The World Harp Competition finals (and since 2024 the semifinals) also take place alongside the festival.

==Previous festivals==
===2026===
The 1000 Strings Festival took place on Saturday, 18 April at TivoliVredenburg, Utrecht, Netherlands. The 2026 lineup featured DAL:UM, Emmanuel Padilla Holguín, Gwyneth Wentink, Juanjo Corbalán x band, Kevin Le Pennec, Lavinia Meijer, Lubiana, Margaret Hermant (ft. Echo Collective), Nana Osei Twun Barima, Pia Salvia, Petite Klassiek (Knisper), Quintette Le Bateau Ivre (ft. Jean Baptiste), Rachel Newton x band, Remy van Kesteren, Trijntje Oosterhuis, Tristan Le Govic.

===2024===
The 2024 the festival was titled Night of a 1000 Strings and the lineup included Deborah Henson-Conant, Brandee Younger, Catrin Finch and Aoife Ní Bhriain (violin), Remy van Kesteren, Alexander Boldachev and Alexandr Misko (guitar), Tom Monger (from Florence + The Machine), Angélica Salvi, Tempo! (Oorkaan Ensemble), Charles Overton, Juanjo Corbalán Quartet (featuring 2022 DHF World Harp Competition winner Juanjo Corbalán), Miriam Adefris, XKTdra – sound immersion, Thessa Carina, ROWANN, Ensemble Místico, and Ranie Ribeiro. Both the World Harp Competition semifinals and finals were held alongside the festival.

The festival was sold out weeks before the event and for more than 60% of the visitors it was their first time attending a harp concert.

===2022===
The 2022 festival was held online and the lineup included Mary Lattimore, Andrew Lawrence-King, Remy van Kesteren, Mahazer, Kety Fusco, XNDR and Remy van Kesteren, Héloïse Carlean-Jones, Julie Rokseth, and Sophie Nzayisenga.

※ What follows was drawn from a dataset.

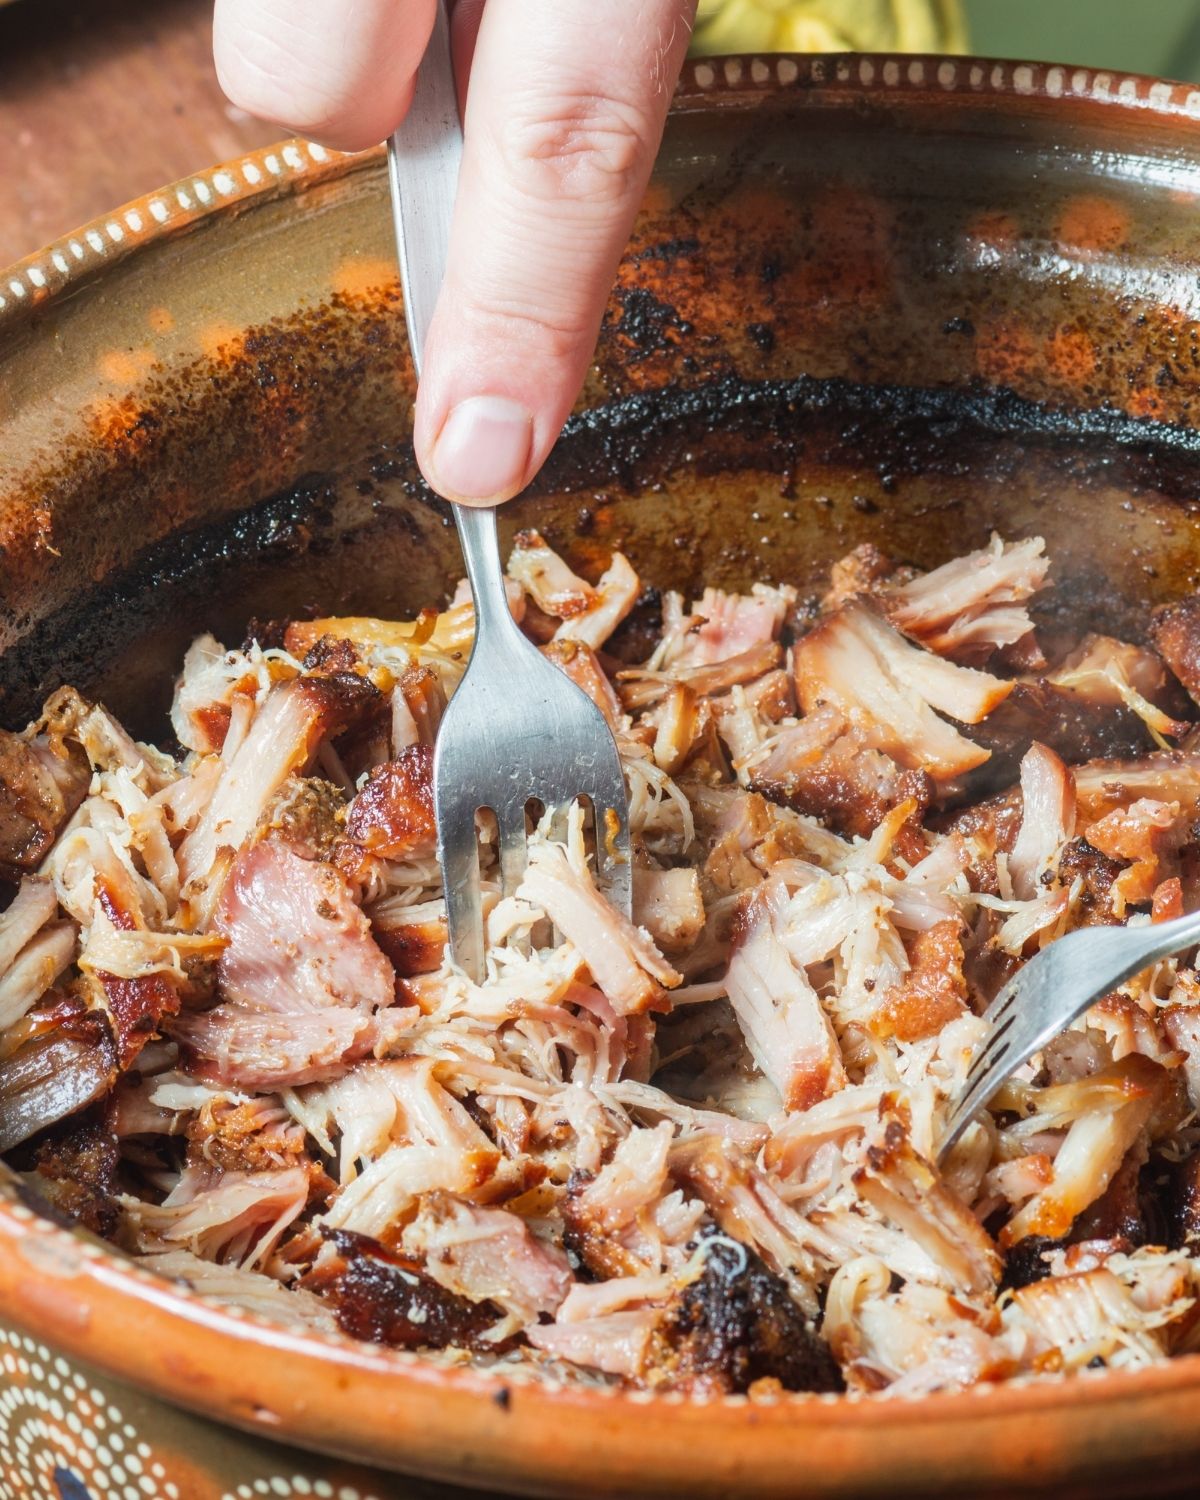 Cooked pulled pork in the crock pot being shredded by a fork.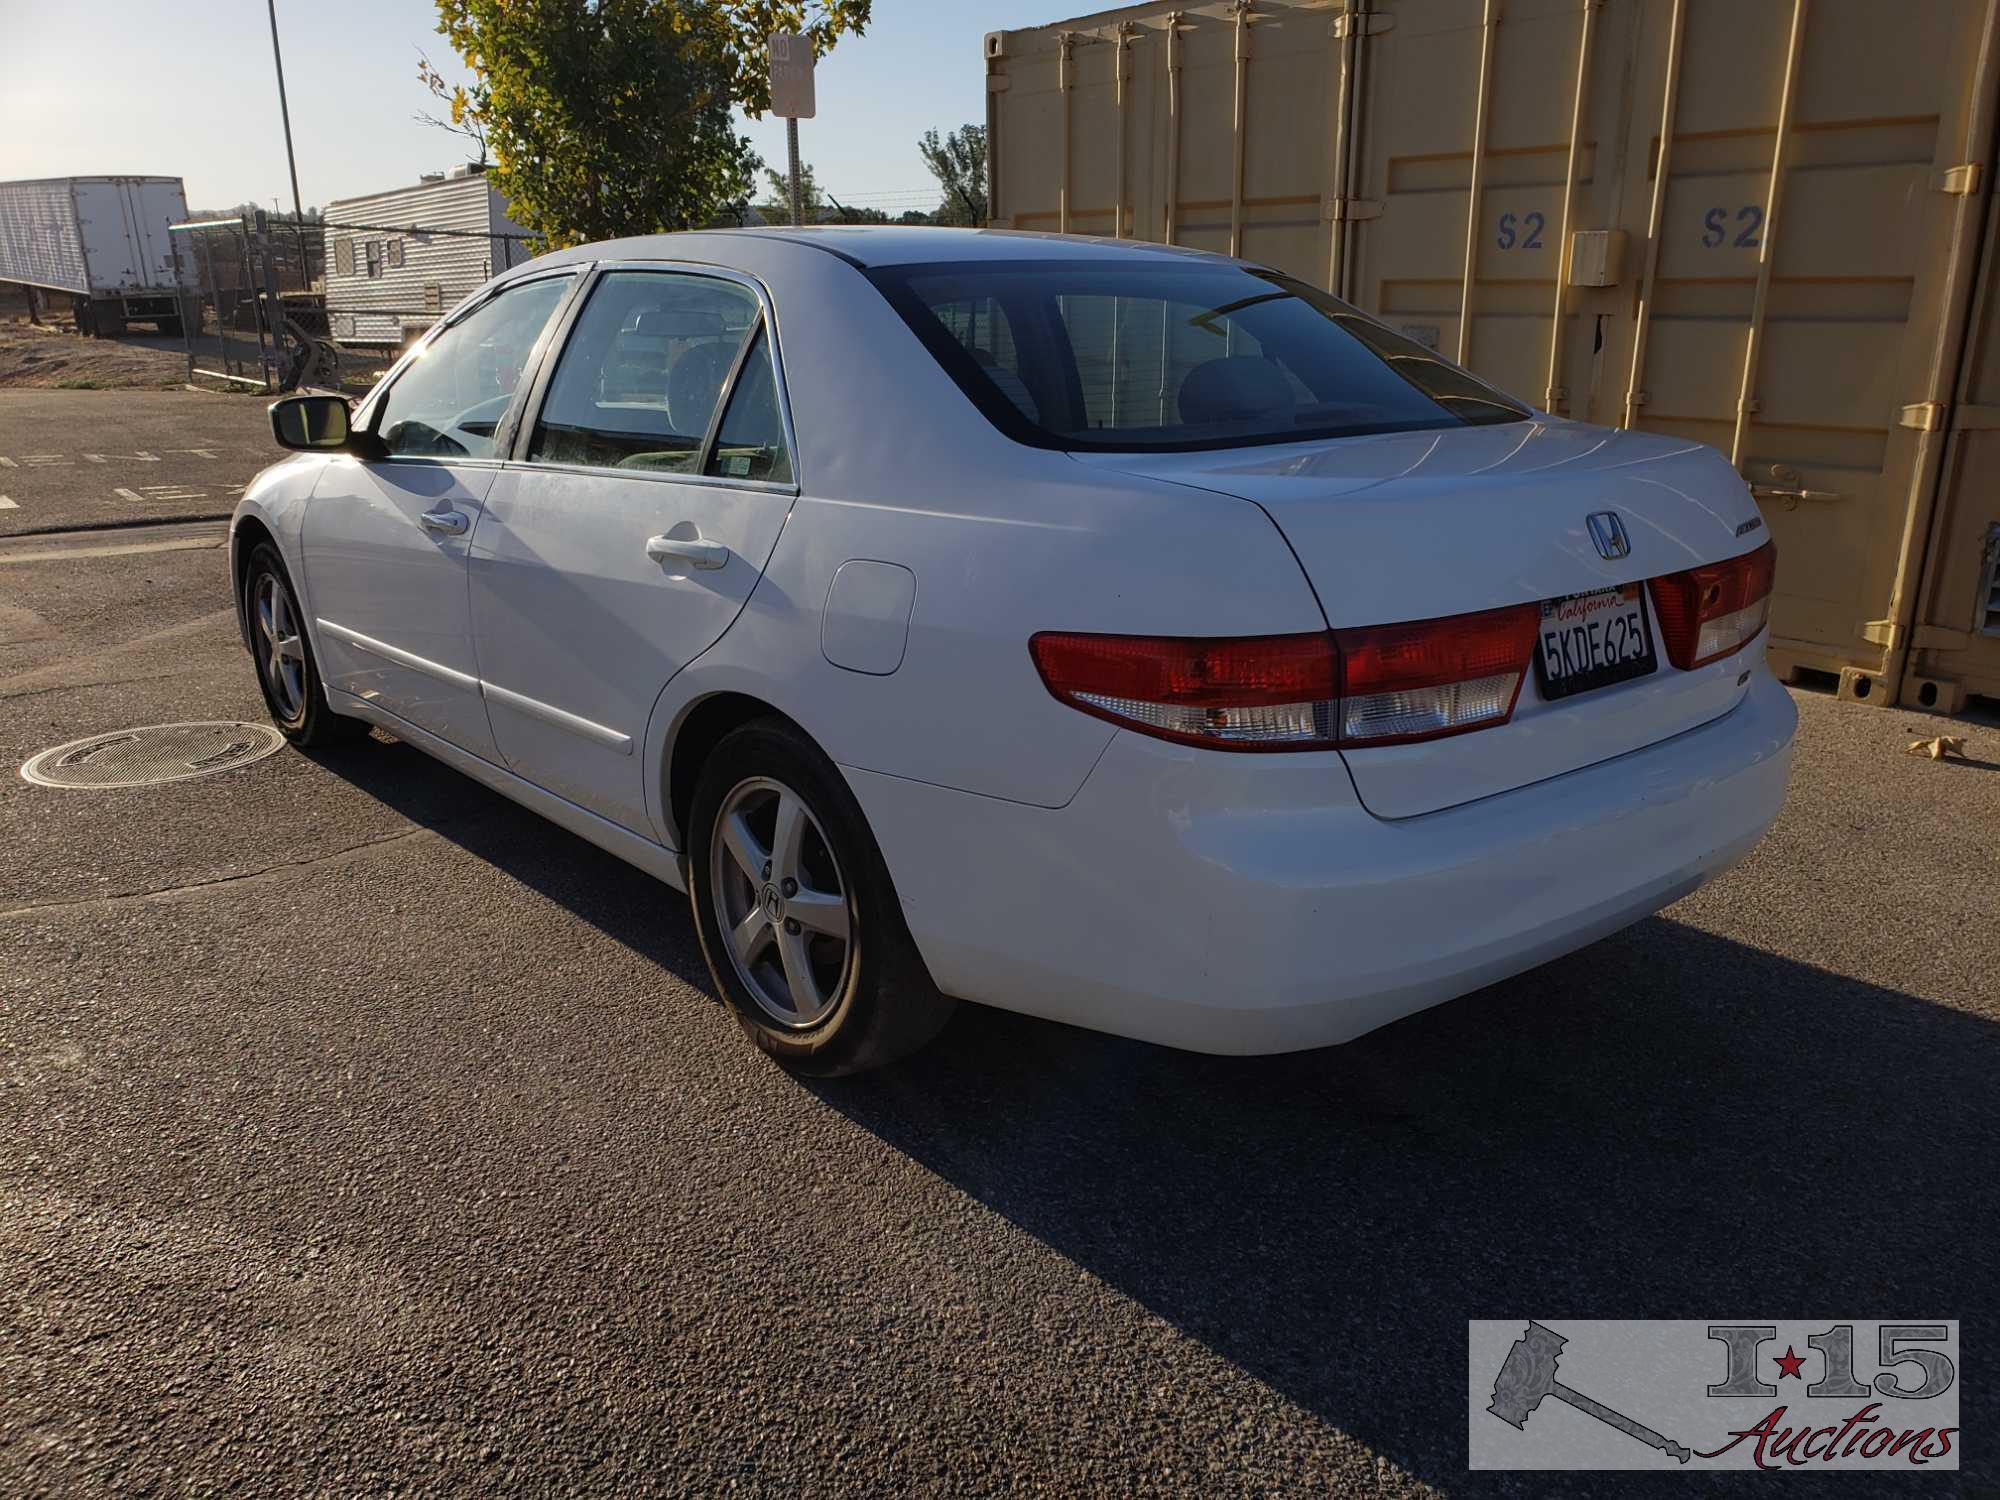 2004 Honda Accord EX White. Please See Video! Current Smog!!

===2021 (originally 2020)===
The festival was streamed online in 2021 due to COVID-19 pandemic restrictions. It was originally scheduled for May 2020 but was postponed for a year due to the pandemic. Performers included Lavinia Meijer, Tom Monger (from Florence + The Machine), Mary Lattimore, Remy van Kesteren, Sunniva Rødland and Notam.

===2018===
In 2018 the theme for the festival was Welcome to Planet Harp. The lineup included Nikolaz Cadoret, Hélène Breschand, Edmar Castañeda and Remy van Kesteren.

===2016===
Harps Without Borders (Dutch: Harpen Zonder Grenzen) was the theme of the 2016 festival. The lineup included Sivan Magen, Ben Creighton Griffiths, Catrin Finch, Park Stickney, Marie-Pierre Langlamet, Remy van Kesteren, and Nobody's Cult.
Sharing the venue in 2016 alongside the festival was the Open Harp Day, hosted by the Dutch Harp Society and the Dutch Folk Harp Society. The festival was also integrated into the Jazz Harp Academy.

===2014===
The theme for the 2014 festival was No Harp, No Story and featured many harpists including Benjamin Bagby, Remy van Kesteren and Claron McFadden.

===2012===
Real Men Play The Harp was the theme of the 2012 festival. Performers included Andrew Lawrence-King, Edmar Castañeda and Eric Vloeimans, and Remy van Kesteren.

===2010===
This was the first year that festival was held and it was simply titled International Harp Competition & Festival. Performers included Anne-Marie O'Farrel and Sivan Magen, and Remy van Kesteren.

== Funding ==
In June 2024 the Utrecht festival subsidy committee advised the municipality to terminate the multi-year subsidy of many local festivals including the 1000 Strings Festival. This threatened the continuation of the festival and the renowned World Harp Competition.

==Organizers==
The team includes Remy van Kesteren (artistic director), Gert Wijnalda (Business Director), Elizabeth Jaxon (Competition Director), Paul Hooijmans (Finance), Marit Nijhuis (Production), Jochem Winterwerp (Marketing) and Henriett Somlai (Public Relations and Press). Volunteers help to make the event possible by supporting as guides, harp movers, drivers, and roles in the restaurant, ticketing desk and information areas.